В столовую вбежал Мойсей.
— Боярин! Лица на тебе нет! Случилось что? — встревоженно спросил старик.
— Занедужилось… Устал… — с трудом проговорил Матвей Парменыч. — Сведи меня… Дмитрия Ипатыча кликни… Скорей бы шел…
И, опершись на плечо верного слуги, Матвей Парменыч, с трудом передвигая ноги, вышел из столовой.
Глава VI
Несговорчивый градоправитель
За оградой двора, у ворот, боярина Цыплятева давно уже ждал Паук. Вглядевшись в вечернюю темноту по направлению скрипа снега под тяжелыми шагами и узнав Равулу Спиридоныча, Паук, крадучись, неслышно подошел из-за угла. Углубленный в свои ехидные мысли по поводу случившегося, Цыплятев вздрогнул.
— Ты, Паук? Фу, до смерти напугал! Ну?
— Выведал, боярин, — оглядываясь, зашептал Паук, наклоняя четырехугольное лицо к плечу боярина и обдавая его сильным винным духом. — Птичка в клетке. Самое время в нынешнюю ночь ее поймать.
— Говори толком.
— Савватия я в терем к боярышне подослал. Юродивым прикинулся, пустили. Антипа у конюхов побывал. Мефодий среди холопов языка достал. Велено к ночи коня-быстрохода молодцу обрядить, в Калугу поскачет. Сейчас он в тереме с боярышней…
— Верно ли, что убийство жолнеров его рук дело? — спросил боярин, чтобы проверить простую догадку, ранее осенившую его.
— Верно.
— Добре! На часок отлучусь к воеводе Гонсевскому Доложу. Покуда гляди в оба, молодца не проворонь. Люди с тобой?
— Тут, за углом.
— Кто такие?
— Отцы-молодцы. Поспеши, боярин. Нас хоть четверо, да пеший, говорится, конному…
— Ладно, — нетерпеливо оборвал Цыплятев. — Не заждетесь. Мигом спроворю.
И, сев в дожидавшиеся его сани, он приказал везти себя в Кремль. Лошадь, застоявшаяся на морозе, с места взяла крупный ход, играя селезенкой и раскидывая комья снега, стрелой помчалась по пустынным к вечеру улицам, и короткое время спустя Цыплятев, отряхивая запорошенную шубу, входил на крыльцо одной из кремлевских палат, где находился градоправитель московский, недавно пожалованный по указу Сигизмунда боярским званием староста велижский Александр Корвин Гонсевский.

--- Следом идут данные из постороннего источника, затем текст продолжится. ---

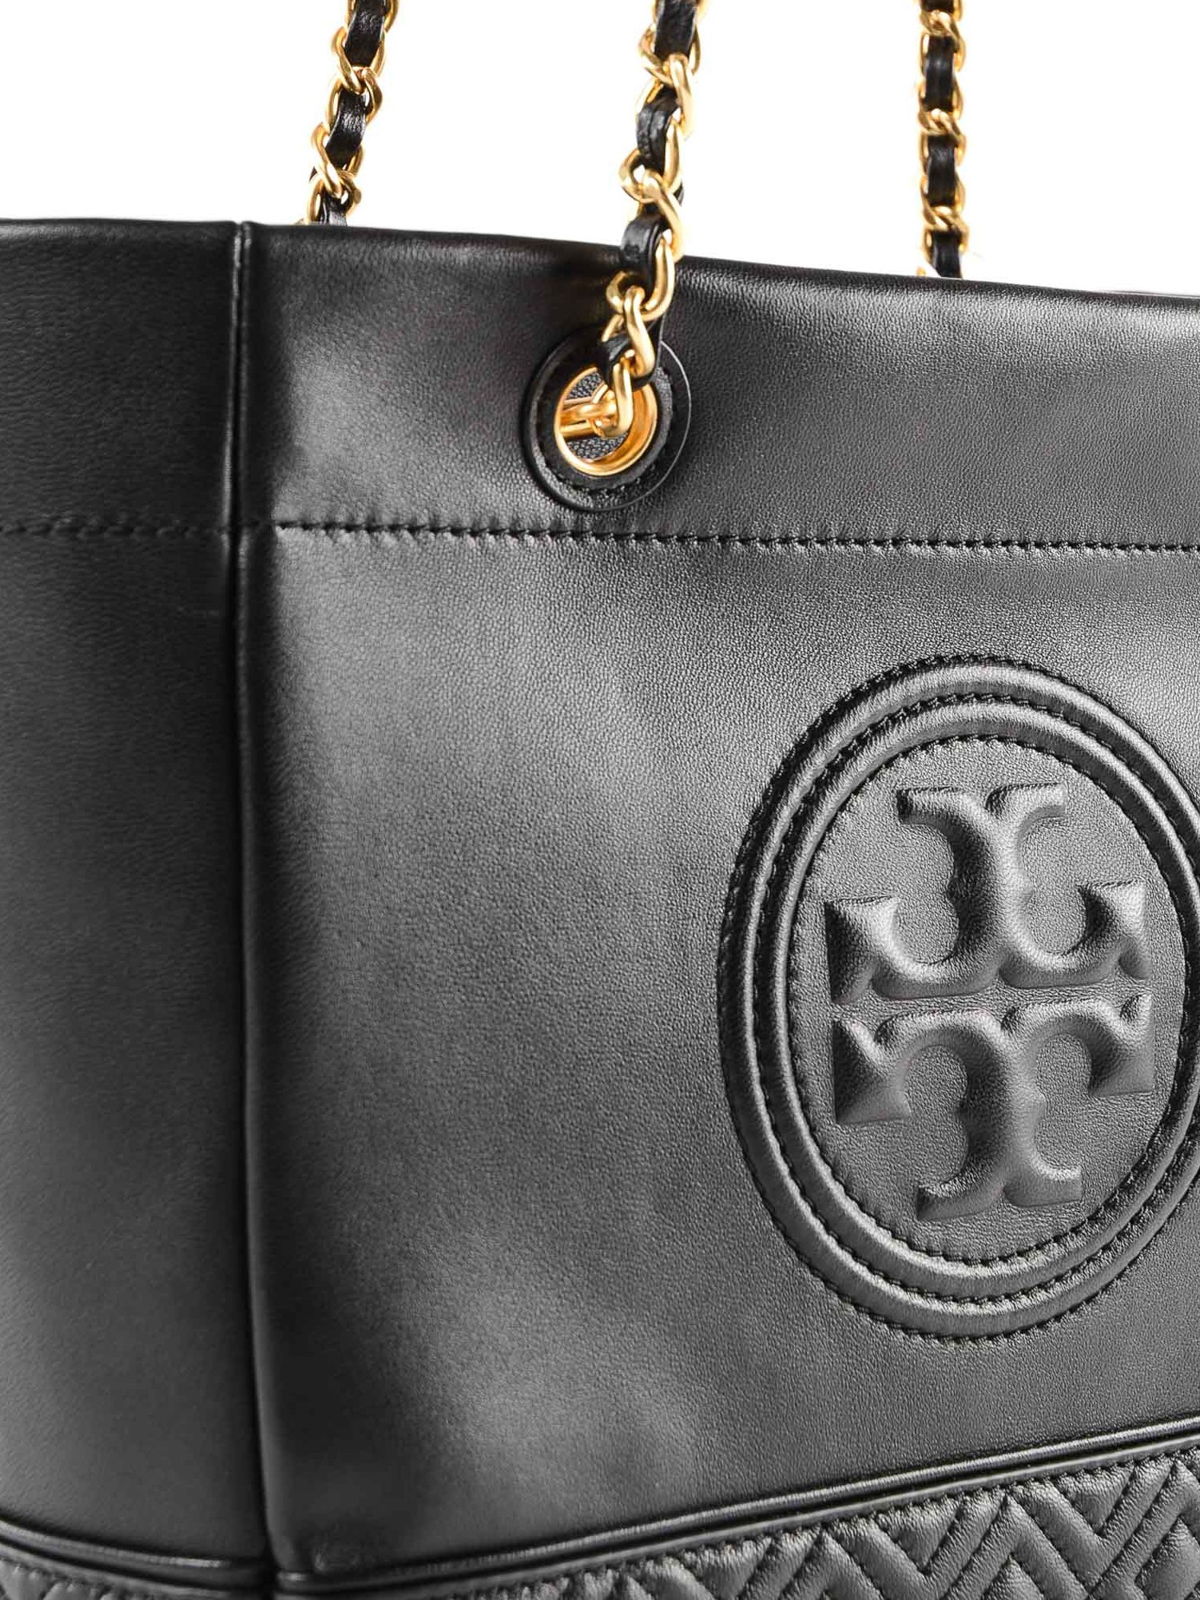 Totes bags Tory Burch - Fleming golden chain leather tote bag - 52983001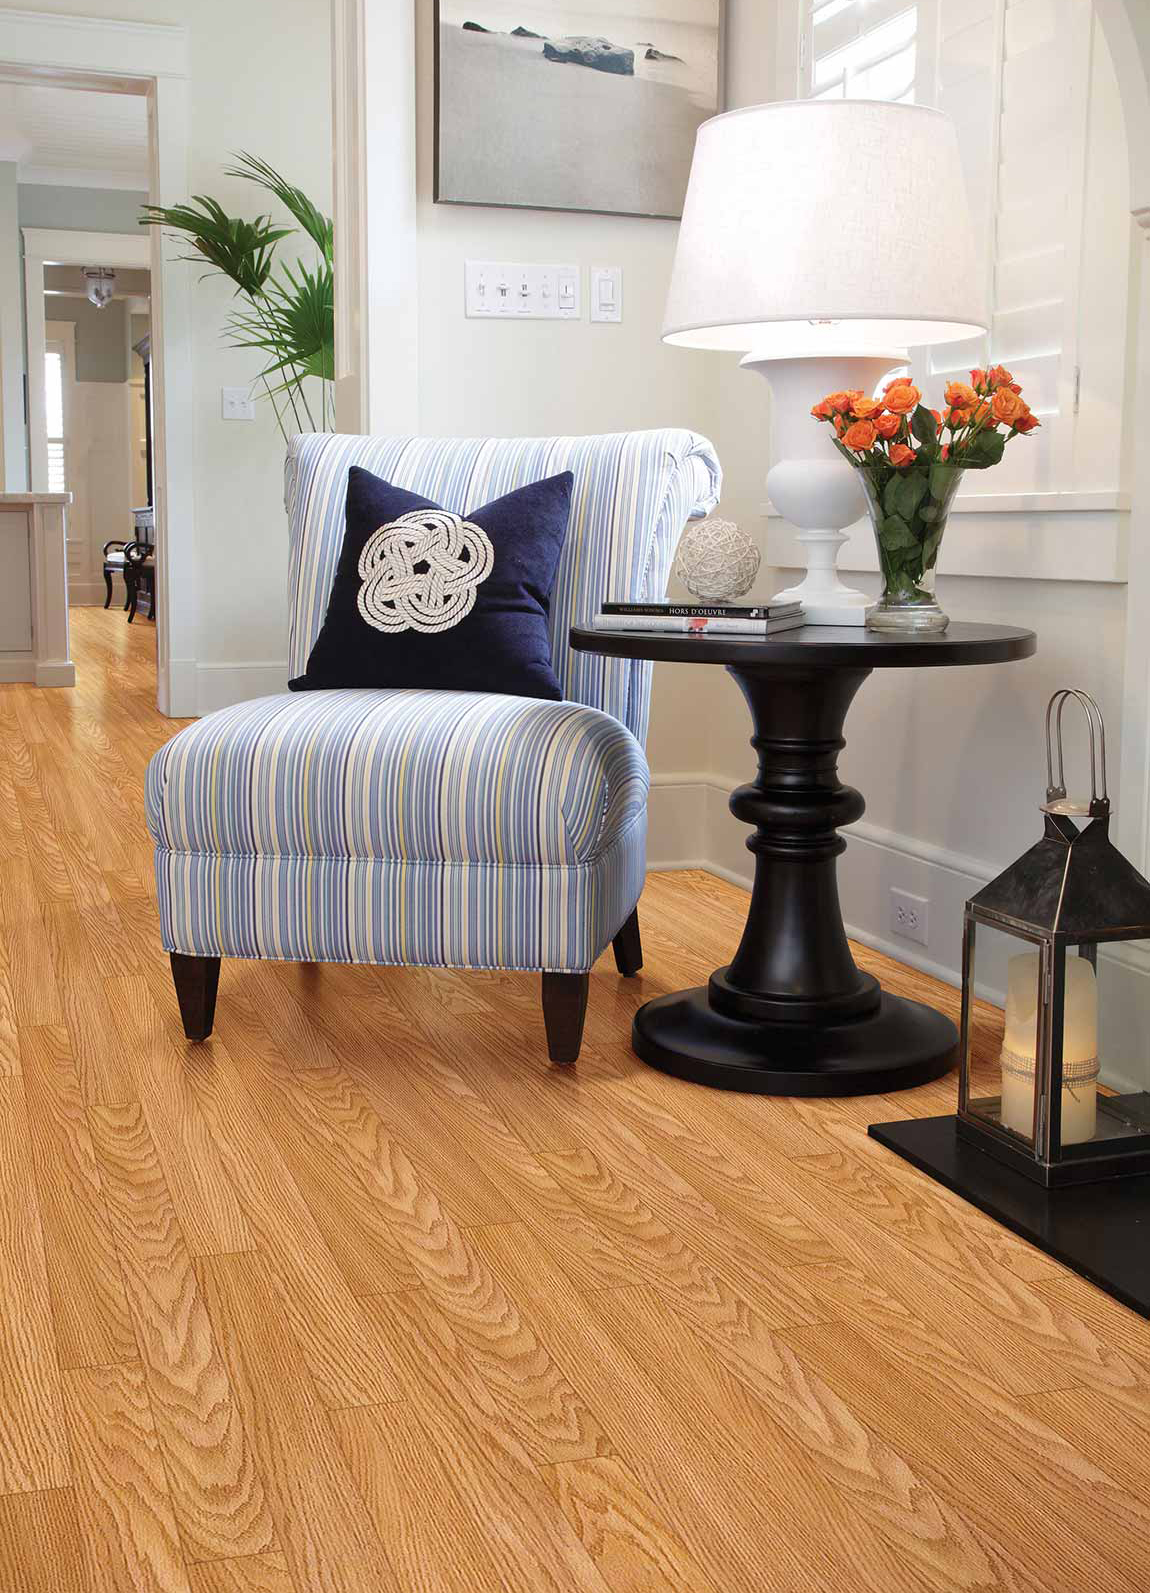 Laminate flooring by Shaw Floors. Wood-look laminate in hallway featuring end table, lamp, and blue armchair.

В обширных сенях стояла в дверях польская стража, на лавках дремали пахолки и гайдуки{24}. При входе боярина они неохотно поднялись и недружелюбно окинули его спесивым взглядом.
Цыплятев велел доложить о себе. Его провели в переднюю комнату. Там приглашения Гонсевского дожидался какой-то польский поручик в белом жупане с подвешенной к шелковому кушаку длинной саблей, очевидно вызванный градоправителем или имевший к нему срочный доклад. Поручик с любопытством покосился на боярина, удивленный поздним приходом его. Цыплятев понял его вопросительный взгляд, небрежно ухмыльнулся в бороду и спокойно-уверенно опустился на лавку, нисколько не сомневаясь, что ему будет оказан скорый и милостивый прием.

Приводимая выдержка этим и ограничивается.